Florida GOP: College Board Marxists don’t want students to learn about the many good things about chattel slavery
This (very well-reported) story about why Florida education administrators rejected AP’s African American studies course is sadly about what you’d expect:
But the state did not say that in many instances, its reviewers also made objections in the state’s attempt to sanitize aspects of slavery and the plight of African Americans throughout history, according to a Miami Herald/Tampa Bay Times review of internal state comments.
For example, a lesson in the Advanced Placement course focused on how Europeans benefited from trading enslaved people and the materials enslaved laborers produced. The state objected to the content, saying the instructional approach “may lead to a viewpoint of an ‘oppressor vs. oppressed’ based solely on race or ethnicity.”
It would be very problematic if students inferred an “oppressor vs. oppressed” narrative based solely on a white supremacist system of chattel slavery! We need to hear Both Sides!
In another lesson about the beginnings of slavery, the course delved into how tens of thousands of enslaved Africans had been “removed from the continent to work on Portuguese-colonized Atlantic islands and in Europe” and how those “plantations became a model for slave-based economy in the Americans.”
n response, the state raised concerns that the unit “may not address the internal slave trade/system within Africa” and that it “may only present one side of this issue and may not offer any opposing viewpoints or other perspectives on the subject.”
It’s never been clear to me why “slavery also existed in other places” is some kind of important mitigating factor, but (and I think my personal God) I am not a Florida Republican.

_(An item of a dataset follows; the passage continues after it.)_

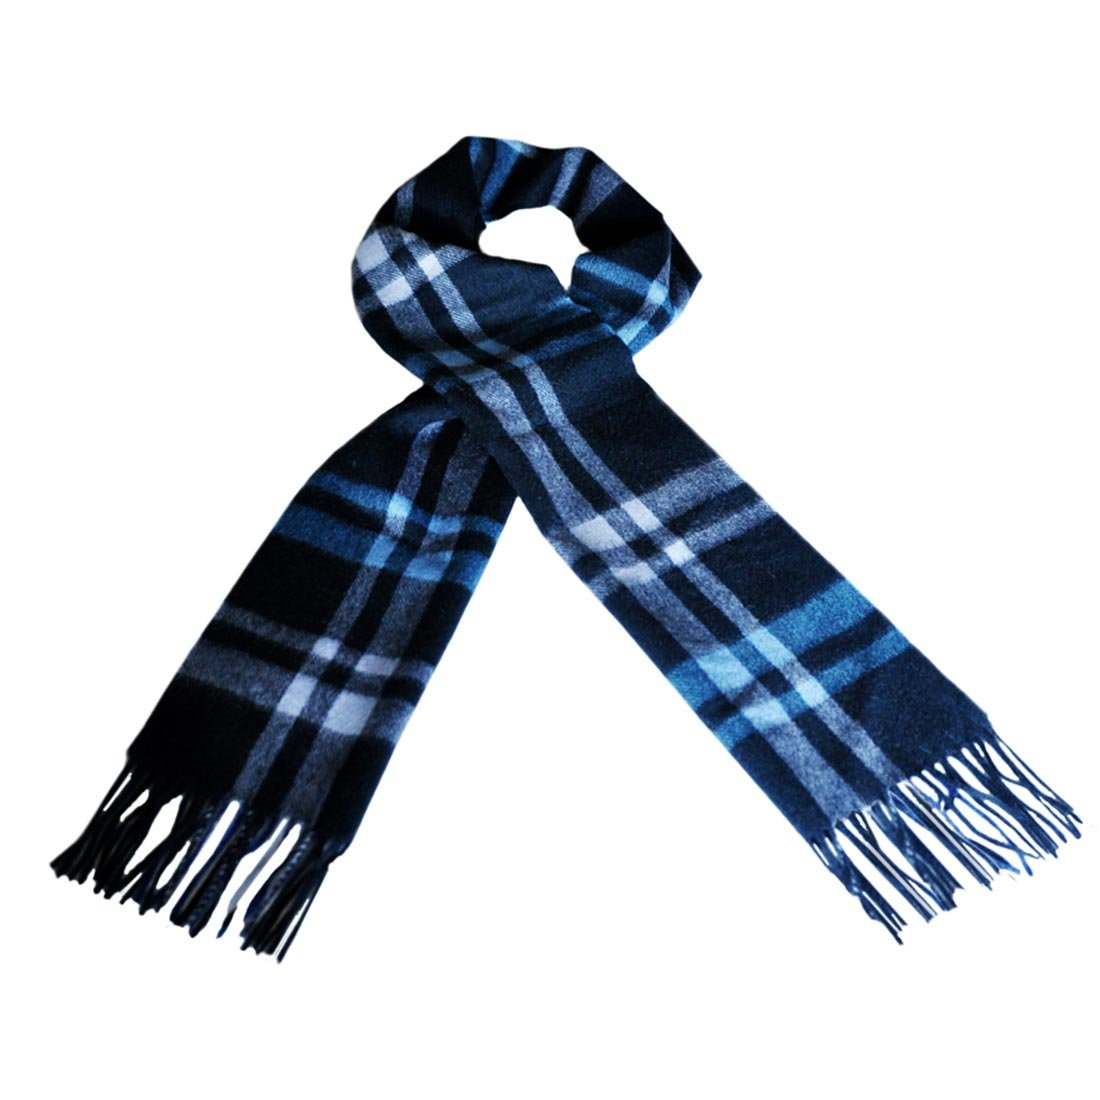 Carrolls Irish Designs Wool Scarf With Blue, Navy & Grey Design 12

The administrators also believed that the positive elements of the Fugitive Slave Act were not being sufficiently appreciated:
“Due to the high number of African Americans who fled enslavement, Congress enacted the Fugitive Slave Acts of 1793 and 1850, authorizing local governments to legally kidnap and return escaped refugees to their enslavers,” the lesson plan stated.
A state evaluator, however, argued this unit about the abolitionist movement could violate state rules because it was not “factually inclusive or balanced.” The evaluator also made the comment that it would be more “accurate” to say the word “owners” rather than enslavers and that white men like Benjamin Franklin and John Jay should be cited as original activists for the abolition movement.

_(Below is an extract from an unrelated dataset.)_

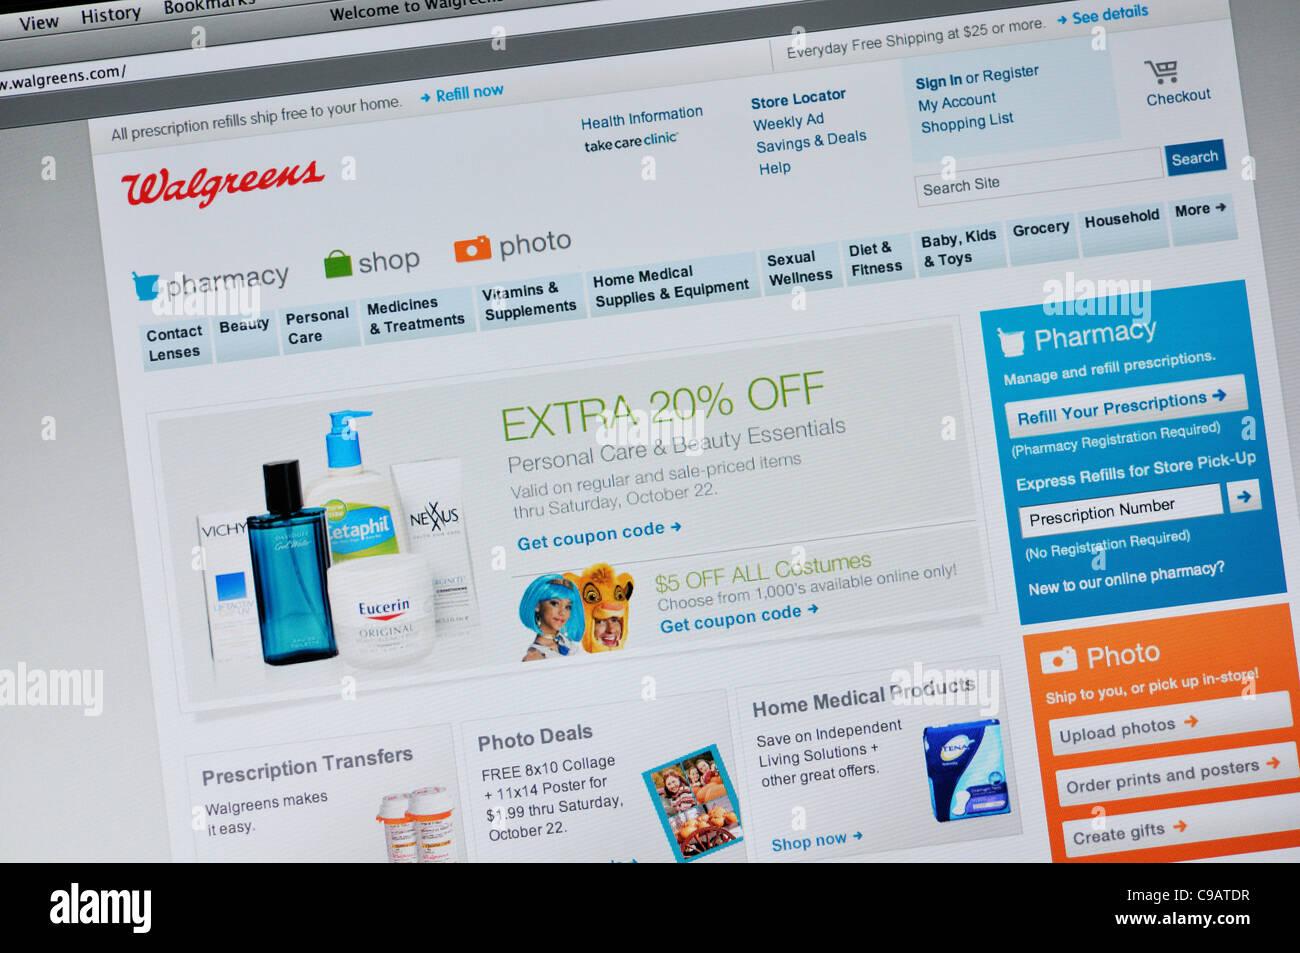 Walgreens Drugstore Stock Photos & Walgreens Drugstore Stock Images ...

The story does a great job of putting this in larger context:
The commentary is also an example of how Gov. Ron DeSantis has transformed the state’s education system in his quest to end what he calls “wokeism” and “liberal indoctrination” in schools — a fight that began in the aftermath of the pandemic and the Black Lives Matter movement that followed the high-profile murder of George Floyd at the hands of police in Minnesota.
“It’s not really about the course right? It’s kind of about putting down Black struggles for equality and freedom that have been going on for centuries at this point in time and making them into something that they are not through this kind of distorted rightist lens,” Weheliye said.
I’m so old I remember when conservatives used to rail against the alleged “moral relativism” of liberals.